Because they have a tendency to stay at the top of your aquarium, they are less likely to get caught out by your crayfish.
They do like plants, however, so you’ll want to consider maybe some floating plants with roots that hang down into the water or plants that suction cup onto the walls of your aquarium to make it harder for your crayfish to climb them.
The furcata rainbowfish is an interesting looking fish with yellow fins and blue eyes that would make a great addition to an aquarium.
They do typically inhabit the middle and upper sections of the aquarium, but this doesn’t mean that they never go into the bottom.
Because of this, while they may be less likely to stray into the range of your crayfish, it’s not a 100% thing.
If you use one of the more peaceful types of crayfish listed below, however, this should definitely be a type of fish to consider for your aquarium.
The last item on this list is the brown pencil fish. Like quite a few of the items on this list, they tend to stay towards the top of your aquarium.
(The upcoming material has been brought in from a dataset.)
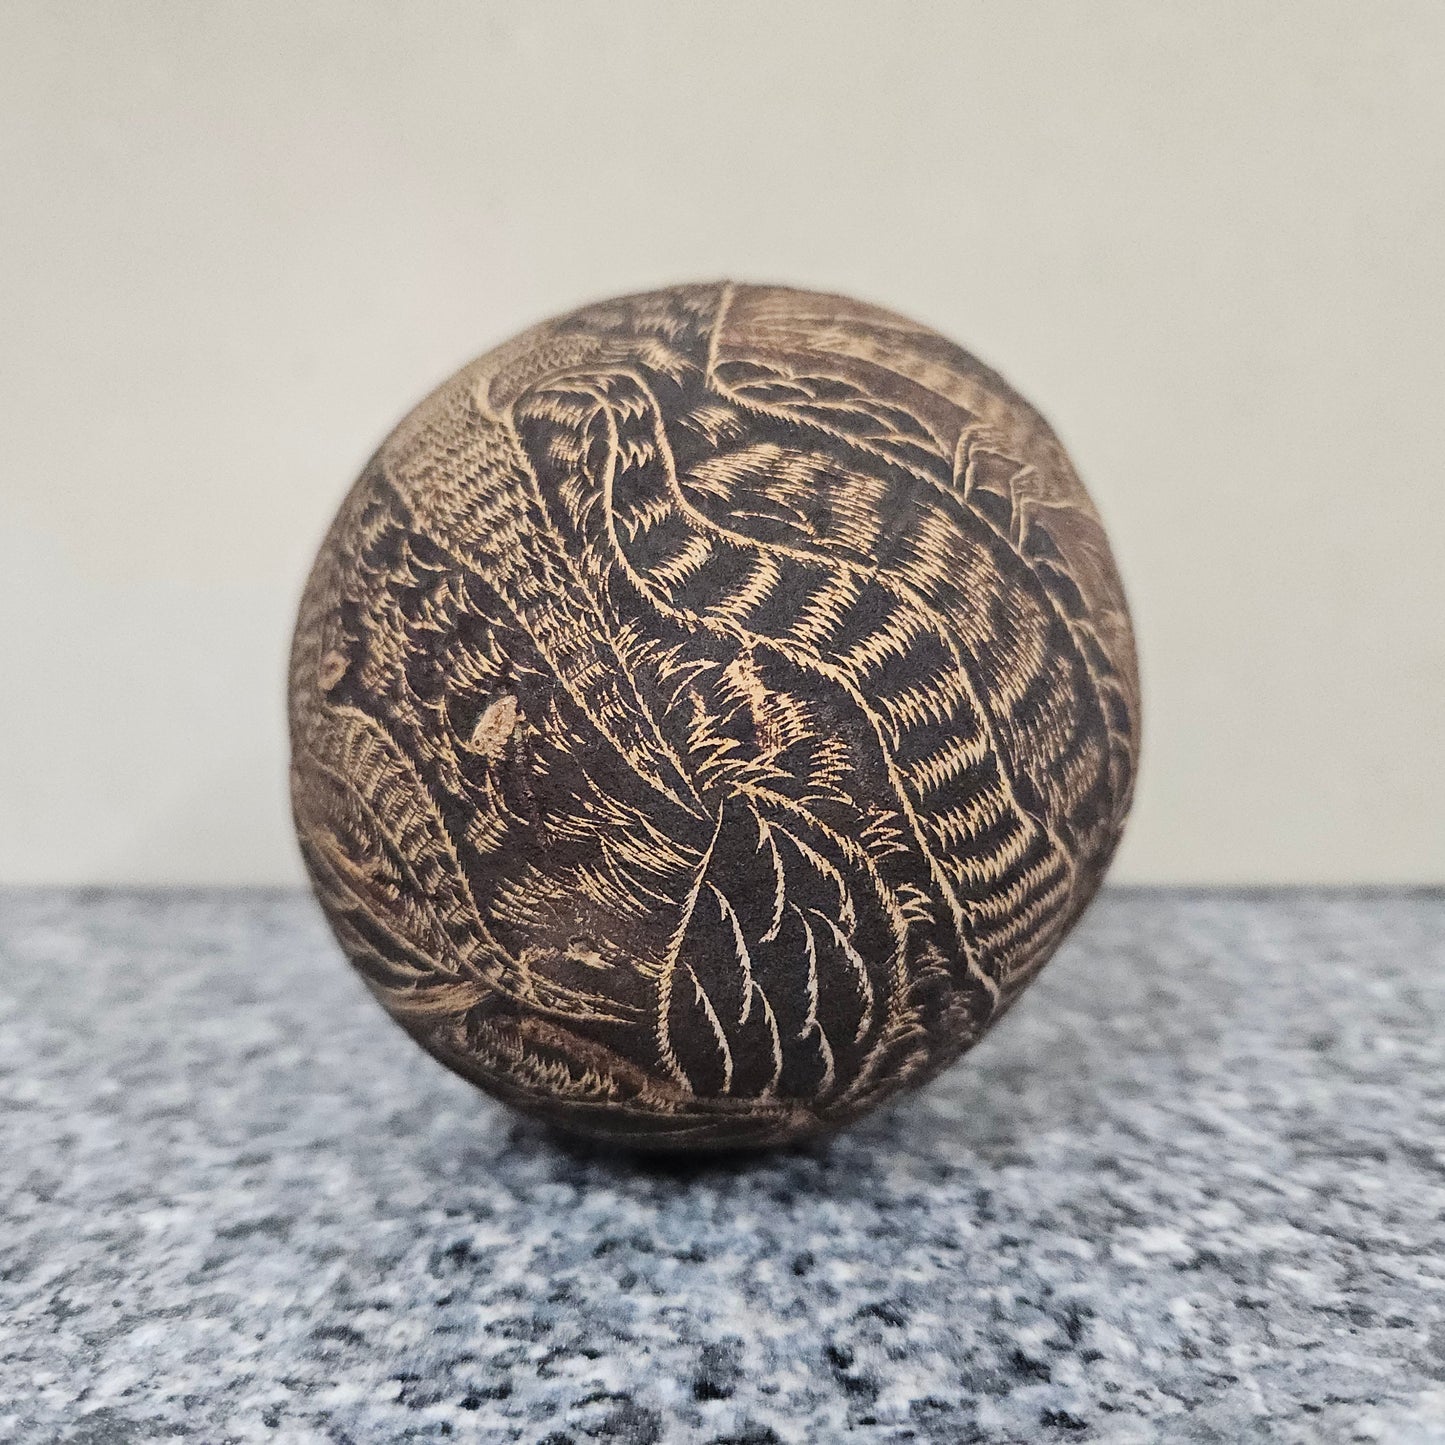 Engraved Boab-Tree Nut 1950's

Unlike most fish, however, you’ll often find them pointing upwards at an angle towards the surface of the aquarium.
They will eat flake foods – unlike a lot of the killifish – but like the other surface dwelling fish, they will happily accept offerings of live foods as well.
Tubifex, daphnia, and other live foods that move around on the surface will be quickly eaten.
This fish may not be the best looking fish of the bunch, but if you want to add a bit of interest to your aquarium, this may be the fish for you.
The Best Crayfish for Community Tanks
Now that we’re done talking about fish, let’s talk about which type of crayfish is least likely to kill your fish.
Most crayfish will eat fish as a preference – not caring whether they are live or dead. There is one type of crayfish, however, that prefers eating plant matter and will very rarely hunt fish.
That crayfish is the marbled crayfish, also known as the marmokreb crayfish.
That’s not to say that this crayfish is completely fish safe, but if you want a crayfish in your community tank, this is absolutely your best bet.
What’s more, it will change color depending on what you feed it. Feeding it food with more green pigmentation will cause it to turn more green. Feeding it food with a lot of bright red pigment will cause it to turn bright red.
There is a downside, however. This crayfish is also known as the self-cloning crayfish, and exactly like it sounds, it will quickly reproduce in your aquarium.
Luckily, most stores will accept donations of fish and invertebrates, so you can bag up any extras and drop them off at your local fish store.
Another type of crayfish that will work better than most in a community tank is the mexican dwarf crayfish. It is smaller, less likely to attack fish, and generally a better roommate than the blue crayfish and other similar options.
I wouldn’t put it in with any of the larger fish on this list, especially the bala shark, but other than that it may be a better option for your aquarium.
If you just want something that looks like a lobster and aren’t sold on a crayfish specifically, you might want to look into the vampire shrimp. It’s a completely peaceful filter feeder that looks like a crayfish and won’t attack anything else in your aquarium.
With all of the fish on this list and all of the types of fish-friendly crayfish, you can definitely make a community tank work with a crayfish.
That’s not to say that it will be easy or that you will never have any fish come up missing, but you should be able to find a setup that looks amazing and works for you.